In total, 106 HIV-1-infected, ART-naïve patients attending the National Medical Center of Korea were enrolled in this study between March 2014 and August 2015. The majority (99.1%) were male and the median age was 34.0 years (interquartile range [IQR], 27.8–44.0 years). The median CD4 T-cell count at the time of obtaining samples was 292 cells/mm³ (IQR, 584–1,217 cells/mm³) and the median HIV-RNA level was 40,712 copies/mL (IQR, 10,282–137,935 copies/mL). The prevalence of resistance mutations is shown in Table 1. No major mutations conferring a marked reduction in viral susceptibility to EVG or RAL were found. However, 14 minor mutations were found in 13 (12.3%) patients: E157Q/EQ was present in 9 (8.5%) samples, L74L/M/I and V151I were each found in 2 (1.9%) samples, G163k was found in 1 (0.94%) sample, and in 1 patient's sample both E157Q and L74M were detected.
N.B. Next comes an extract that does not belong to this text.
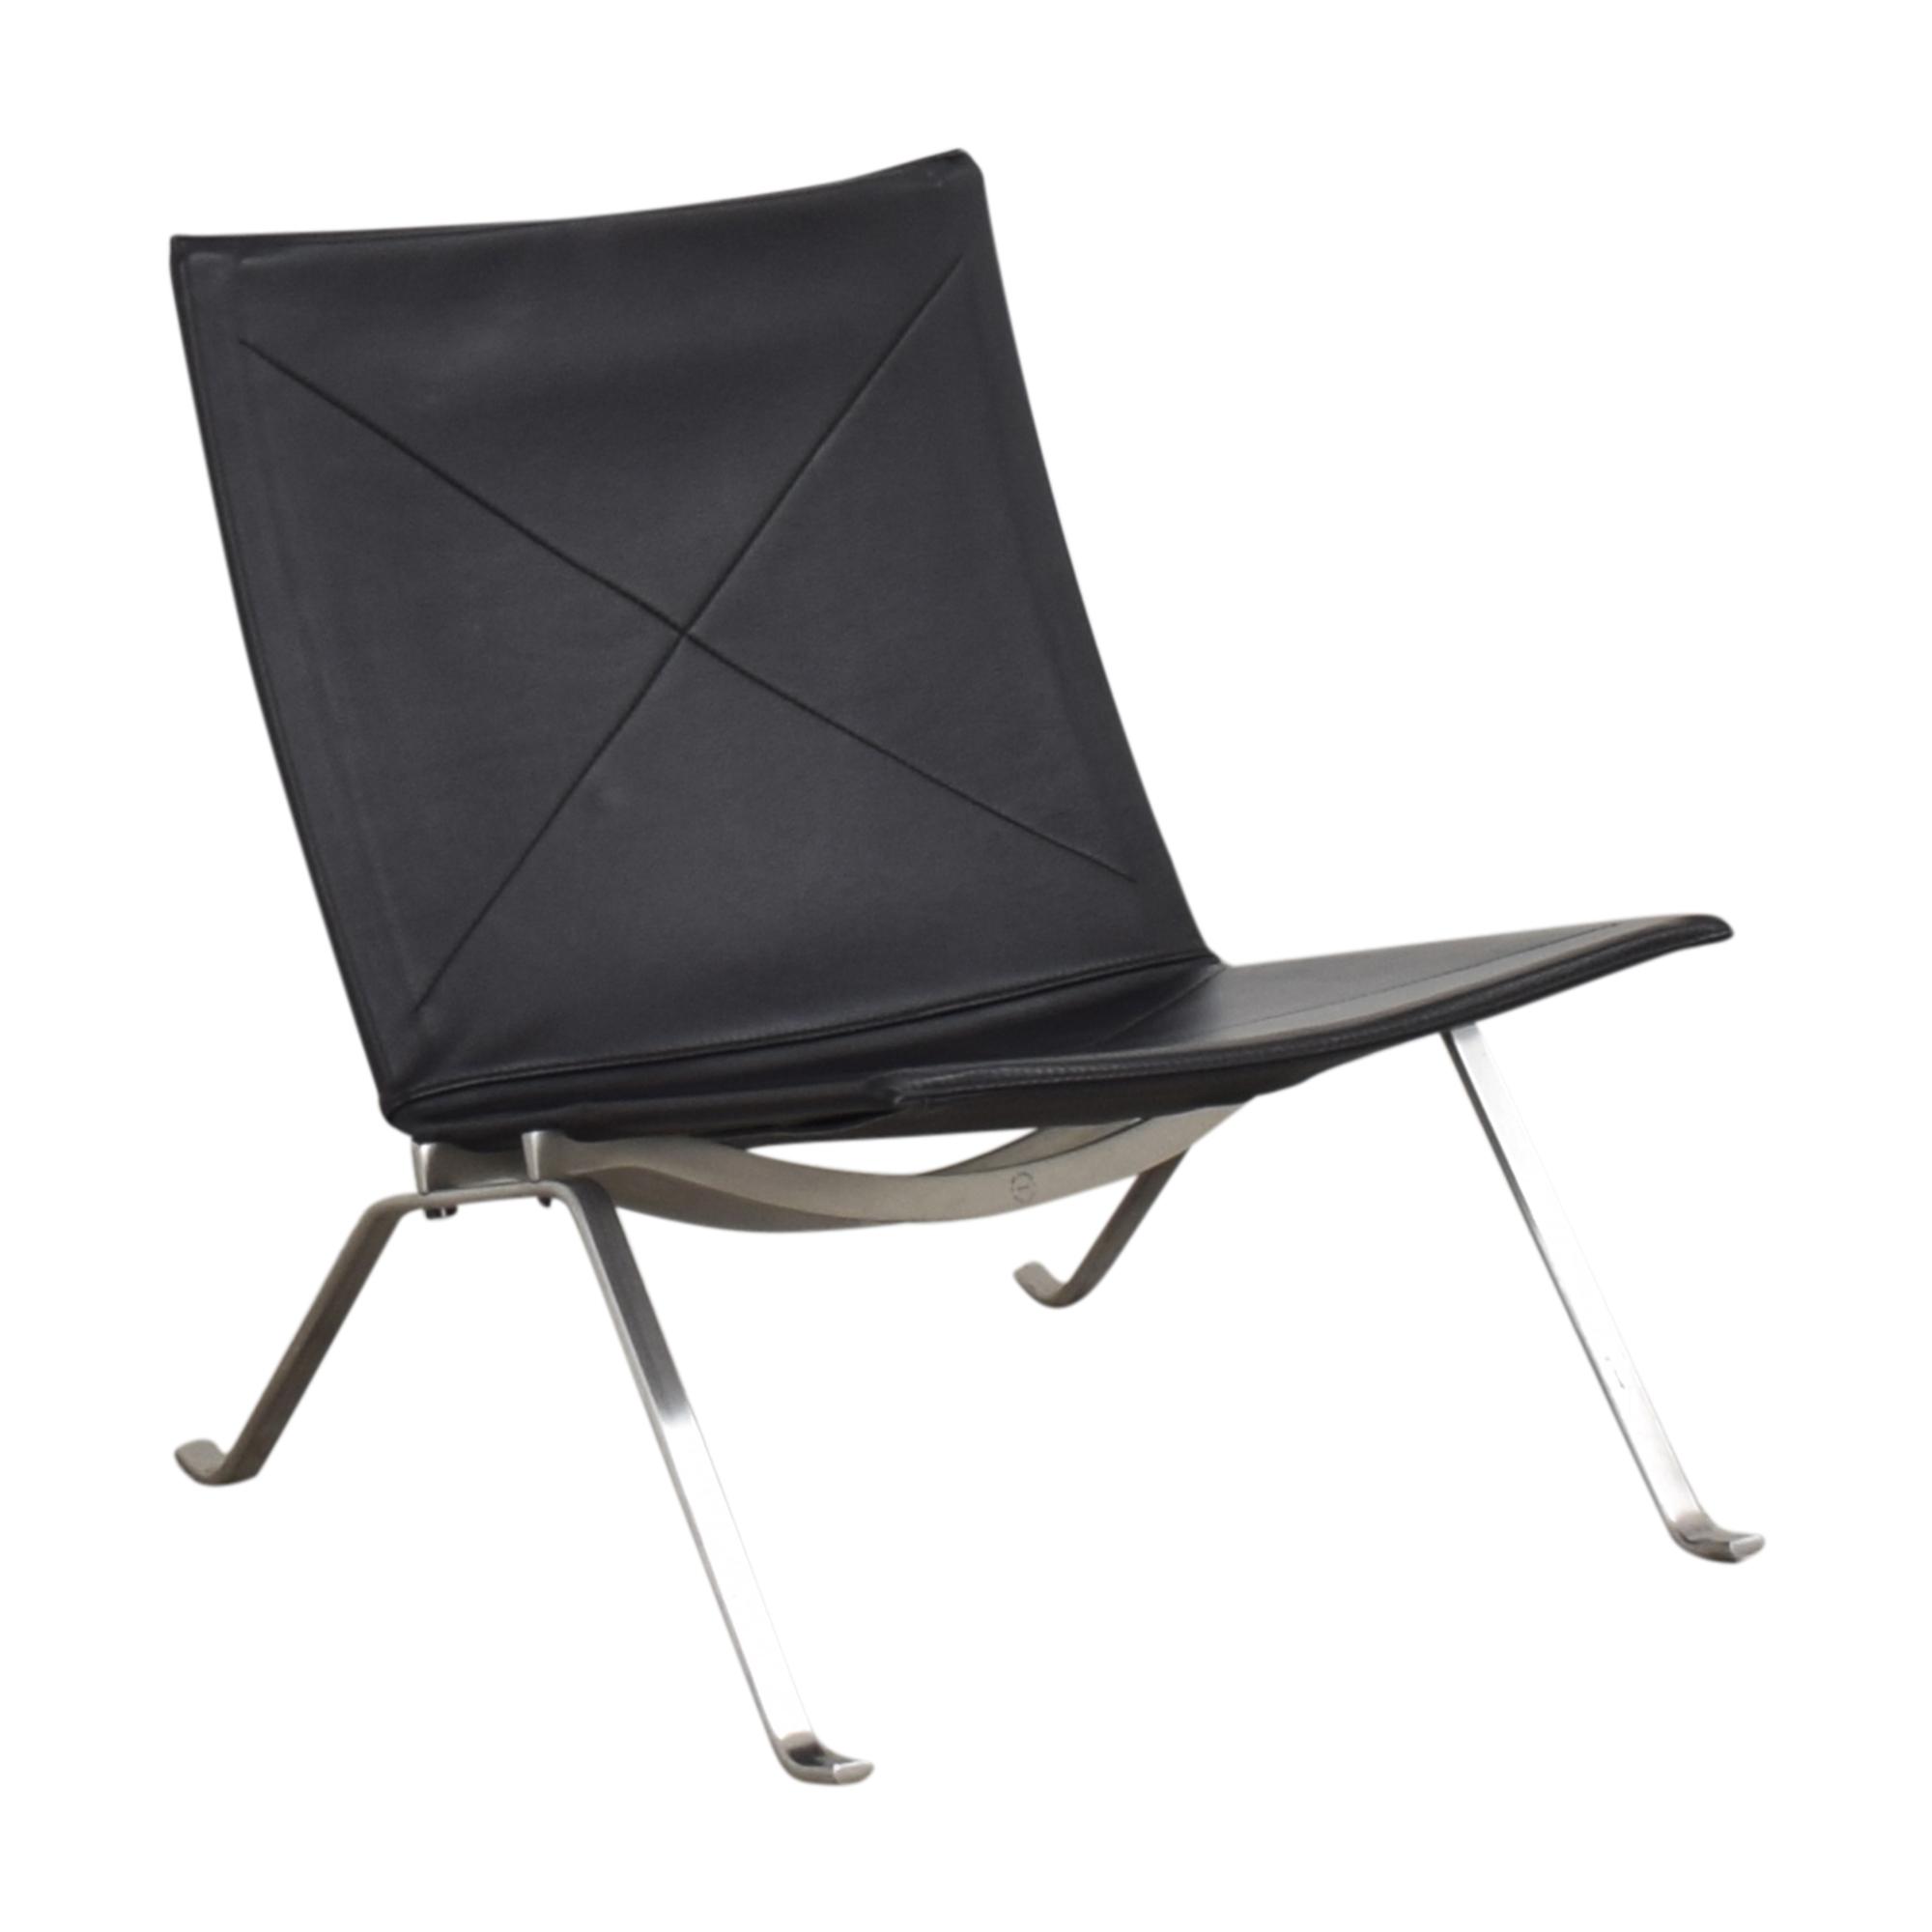 Fritz Hansen Poul Kjaerholm PK22 Modern Chair / Accent Chairs

Regarding reverse transcriptase inhibitor (RTI) and PI resistance mutations, 35.9% of patients had RTI resistance mutations. Sixteen major RTI mutations were determined in 13 (12.6%) patients: V179D was most common (n = 5 [4.9%]), followed by K103N (n = 3 [2.9%]); M41L and T69N (n = 2 [1.9%] each); and V179E, A179D, K238T, and E138K (n = 1 [0.97%] each). Minor RTI resistance mutations were found in 21 patients: V118I (n = 20 [19.4%]) and K103R (n = 1 [0.97%]). No major PI mutations were detected, but minor PI mutations were detected in 51 (49.5%) patients: L10I (n = 39 [37.9%]); L10V (n = 5 [4.9%]); A71V (n = 4 [3.9%]); and V11I, L14V, and V71V (n = 1 [0.97%] each). Of the patients who had INSTI resistance mutations, the most common RTI mutations were V118I (6/13 [46.2%]) and L10I (5/13 [38.5%]) and the most common PI mutation was A71V (3/13 [23.1%]). Factors associated with the presence of INSTI drug resistance mutations, including minor mutations, are shown in Table 2. Age, sex, initial CD4 T-cell count, initial HIV RNA level, and presence of RTI or PI mutations (including polymorphisms) were not associated with INSTI drug resistance mutations. There were no cases of treatment failure 1 year after starting ART in either group of patients (those with or those without INSTI drug resistance mutations). No significant difference was found in the mean increase in CD4 T-cell count (294 cells/mm³ vs. 302 cells/mm³, P = 0.833) or in the proportion of patients with an HIV RNA level < 40 copies/mL (100% vs. 92.5%, P > 0.99).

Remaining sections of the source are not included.